Think about one or two attachments you would like to change. For example: “I repeat patterns in work situations, and hold myself back from my own success” or, “I am consumed with getting rich” or, “I have two closets full of clothes I never wear, yet don’t/won’t get rid of anything.” Whatever your attachment is, give it some thought, put it into words and try not to obsess. Once you have identified it, put it on the back burner for a while and move to the next task, looking at and defining your reality
2. Define your Reality. You’ve examined your illusions, have named a couple of attachments you want to work on, so what is your reality? What does your life really look like? To help you view yours, I’ll share mine. My reality, I believe, is that my life is coming together, the path continually unfolds, and I am learning, growing and sometimes struggling. I have a good life that is not always easy, but it is fulfilling. I am happy, mostly balanced and have the distinct pleasure and honor of being a mother to two wonderful children who amaze and challenge me daily.
Can you write out your reality? For some, this is a monumental task, and understandably so. If it’s overwhelming, break it down to get to the finished product. First, write a list of positive things in your life (good job/career, supportive partner, comfortable home.) Next, make a list of the “real” attributes (sometimes hard, challenging relationships, struggling financially, etc.) Finally, write it out similar to how I wrote above. This is a note to self, so make sure you are honest and open with yourself. Nobody has a perfect life that is full of sunshine and lollipops, but try to write with positive a positive spin, even the things that are difficult that you’d like to change. Write this in a journal, or on a dated piece of paper you tuck away somewhere you will be able to find it again
3. Detach: change the message you play. Start by telling yourself something positive. It doesn’t have to be related to any attachment you have. Just be positive, loving and nurturing toward yourself. If you are struggling, write down a few things that you think you are good at and create an affirmation from what you have. One example: “I am very good at gardening.”
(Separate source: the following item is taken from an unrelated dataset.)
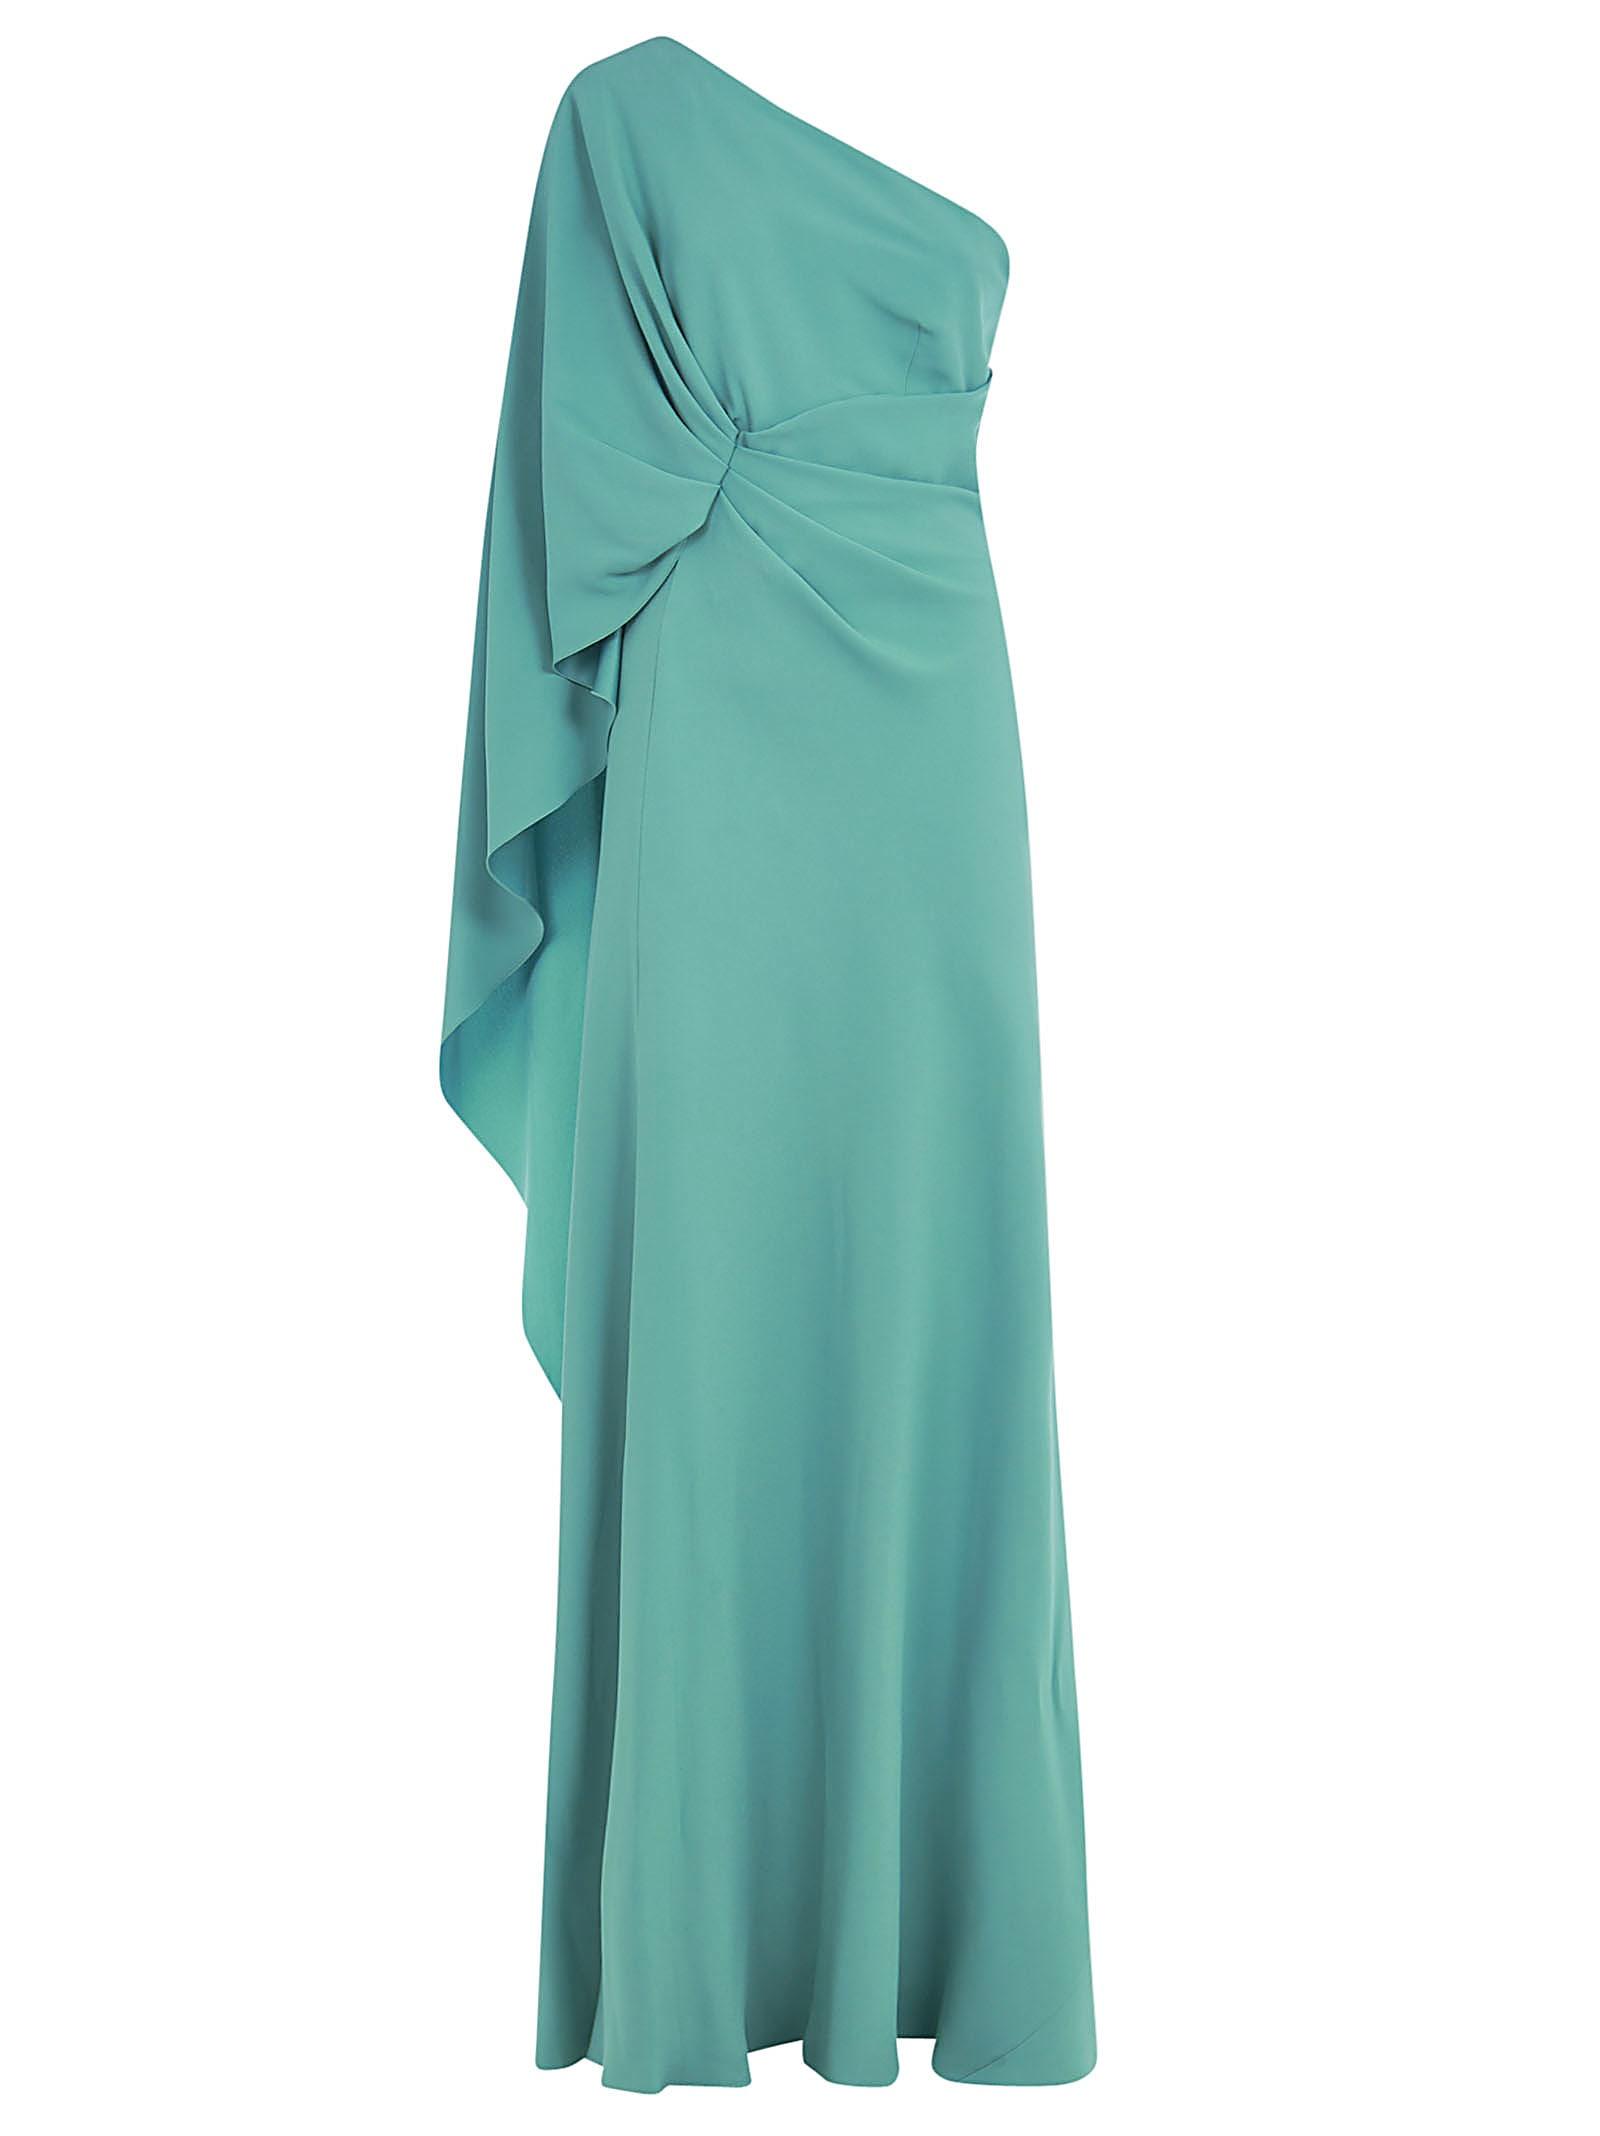 Buy Alberta Ferretti One-sleeve Maxi Dress online, shop Alberta Ferretti with free shipping
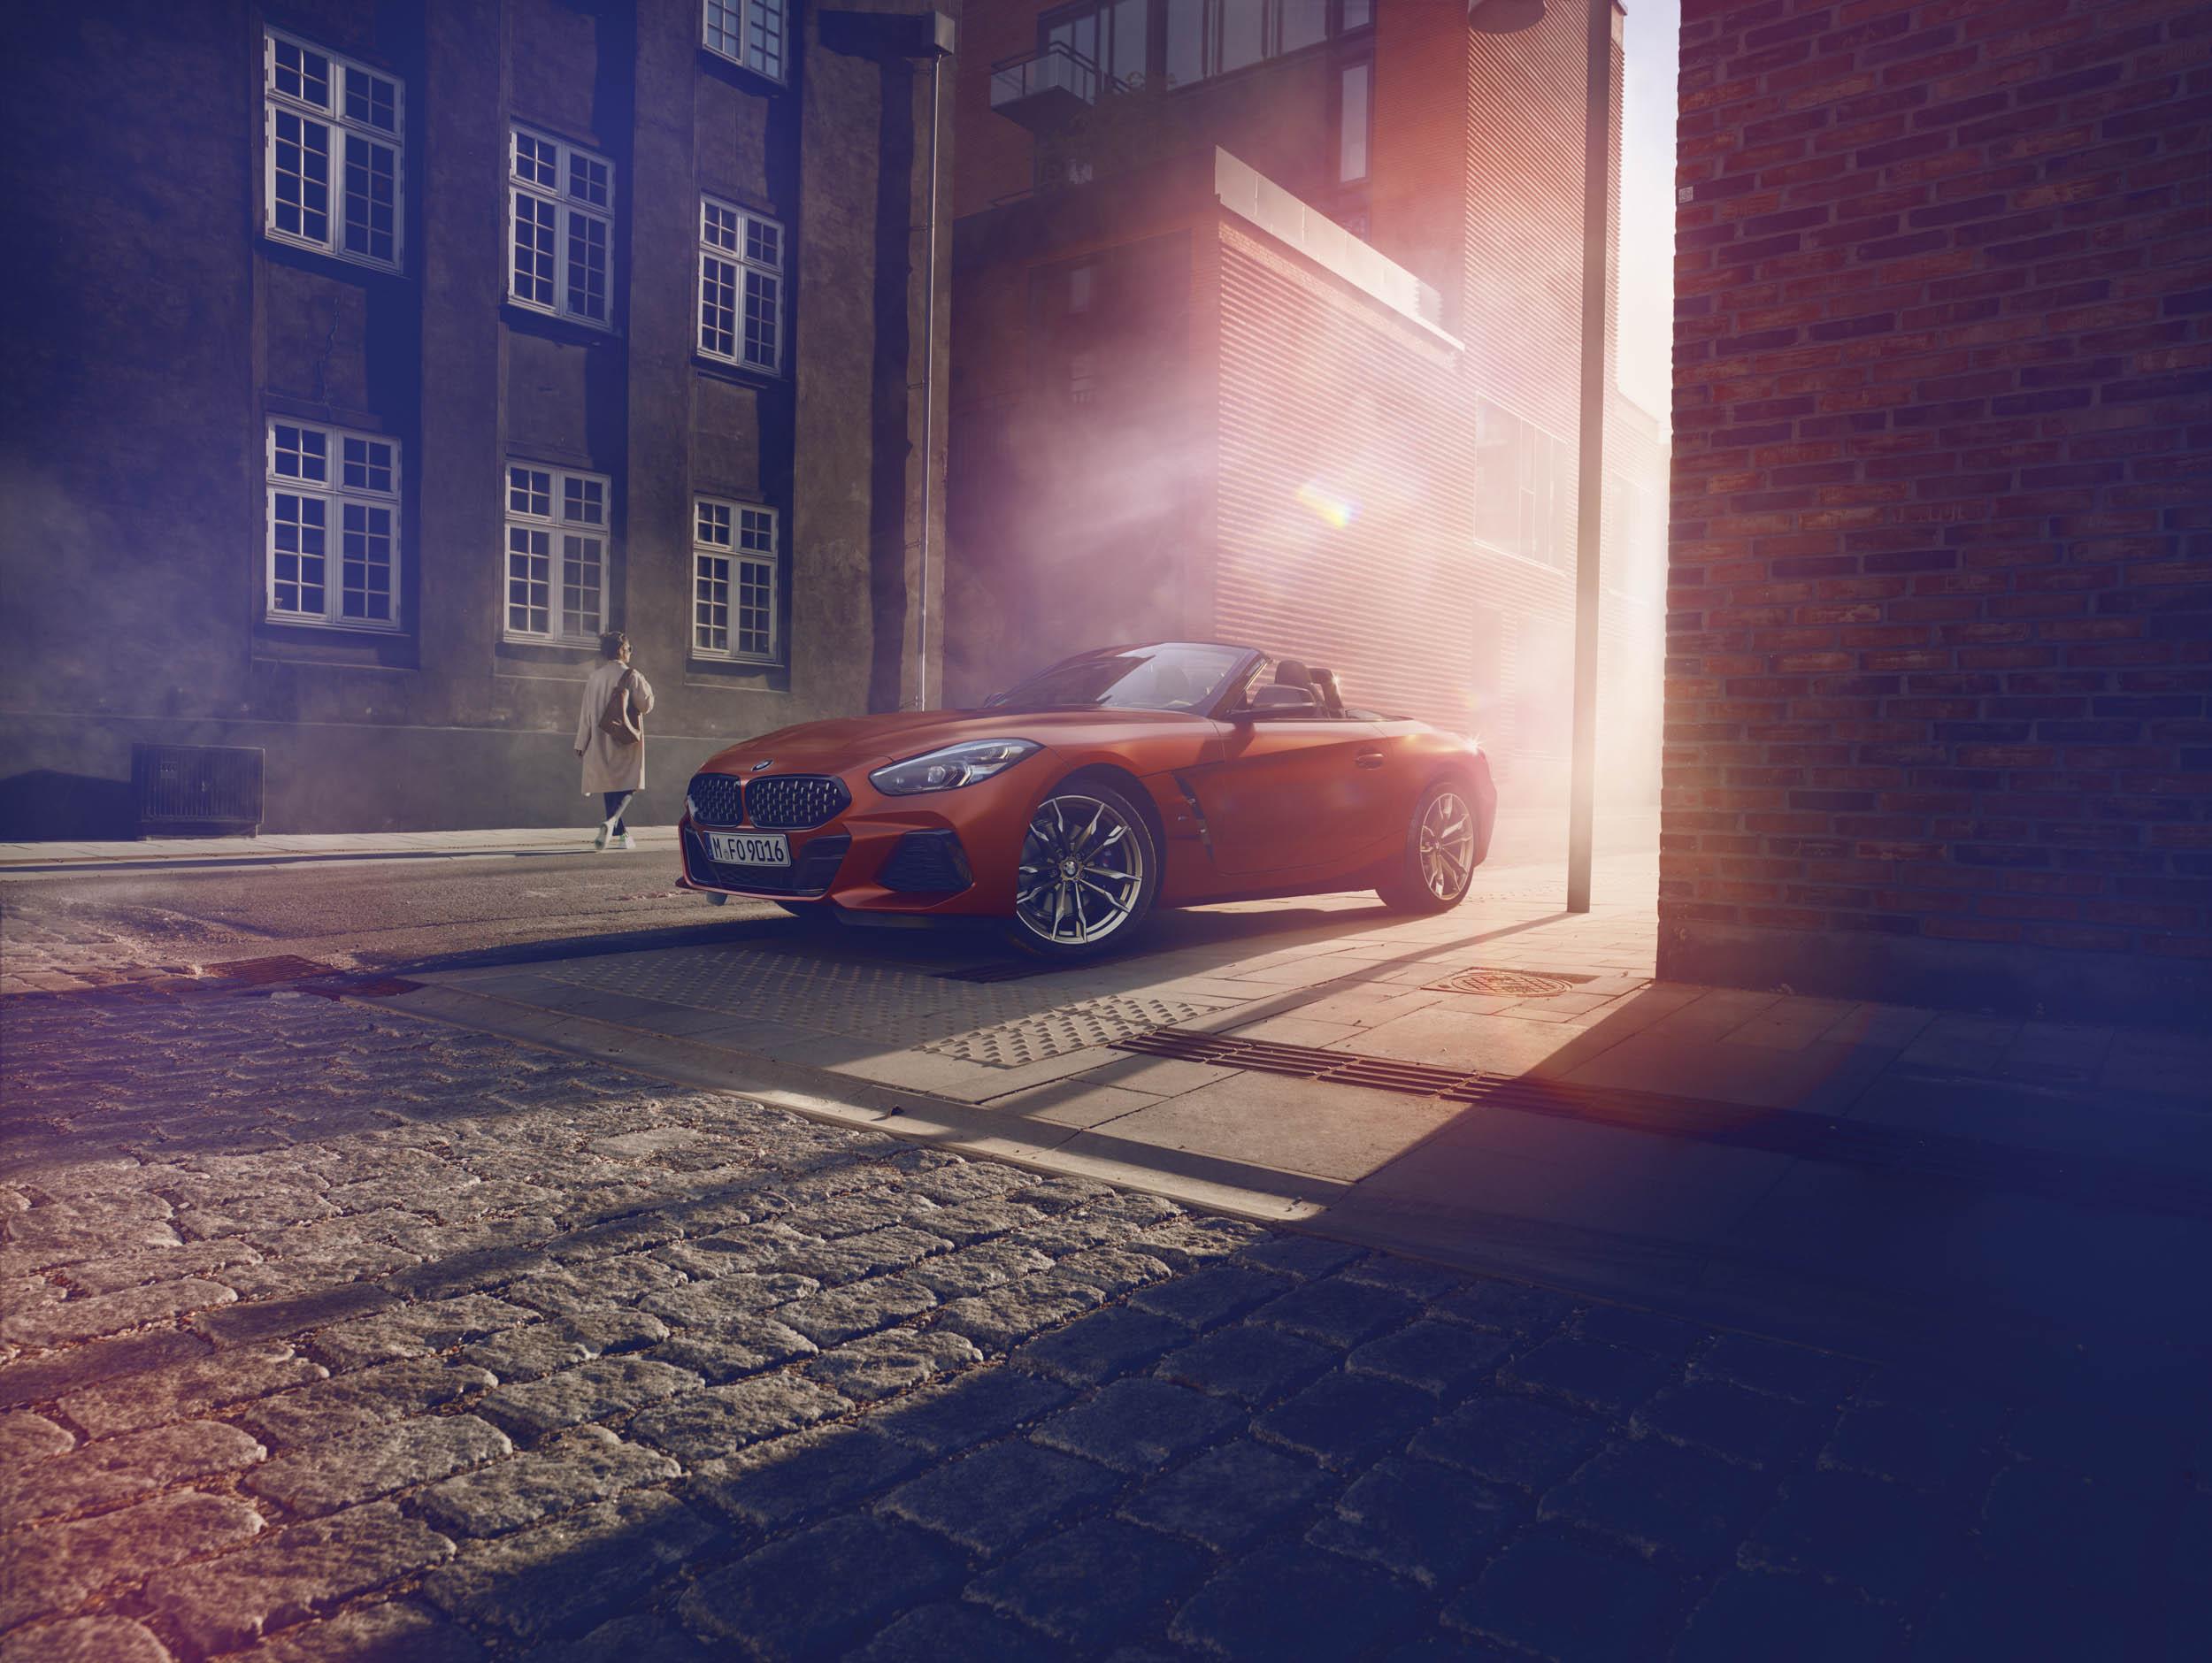 BMW Z4 M40i low front 3/4

Break it down a little more. Besides garden tools and the outdoors, what else is needed for gardening? Passion, creativity, commitment (to your home, outdoor space, environment) and endurance/strength. Now can you create a positive message? Perhaps a positive affirmation: “I am passionate, creative, committed and strong.”
Before moving on to the finished product, notice that I did not have you write down your attachments and patterns. I want you to stay focused on the positive. You know that you want to change something in your life, and you do not need to be reminded, in writing, of where you are struggling. You have written down a positive message in the form of an affirmation.
Repeat this affirmation to yourself several times a day, create the mantra password, as I shared in my post on empowerment and keep this going every day for a week. At the end of the week, give your reality some thought. Is it different? Keep going for another week, and think about your reality again. Is it different? Continue until a month has passed and you’ve gotten to the point where you hardly think about the words in the affirmation (behavioral experts agree it takes about two weeks to a month to create a new habit, so positive thinking takes time if negativity has been your habit.)
After one month has passed, write down your reality as you see it that day. Dig out the original paper, or refer back to the journal where you wrote your reality a month ago and see if it has changed. Do you feel differently now about your reality?
By changing the message you tell yourself, you can change your entire perspective, and begin to free yourself from attachments. As you begin to detach from perceptions, illusions and expectations, you will begin to see yourself differently, and on seeing yourself differently, you may begin to view each situation as an opportunity for growth, learning and creating forward momentum.
Remember that life is one big process and changing everything at once is unrealistic. You are always growing, learning and moving forward. You are creating a positive and healthy existence by being thoughtful, and by treating the “glitches” you encounter not as obstacles, but as opportunities.
I wish you the best as you continue in this wonderful adventure of life. Some days are harder than others, but if you look for the potential in each situation, your day might be a little sweeter, a little more manageable; that is a beautiful thing.
Blessings. Gratitude. Love.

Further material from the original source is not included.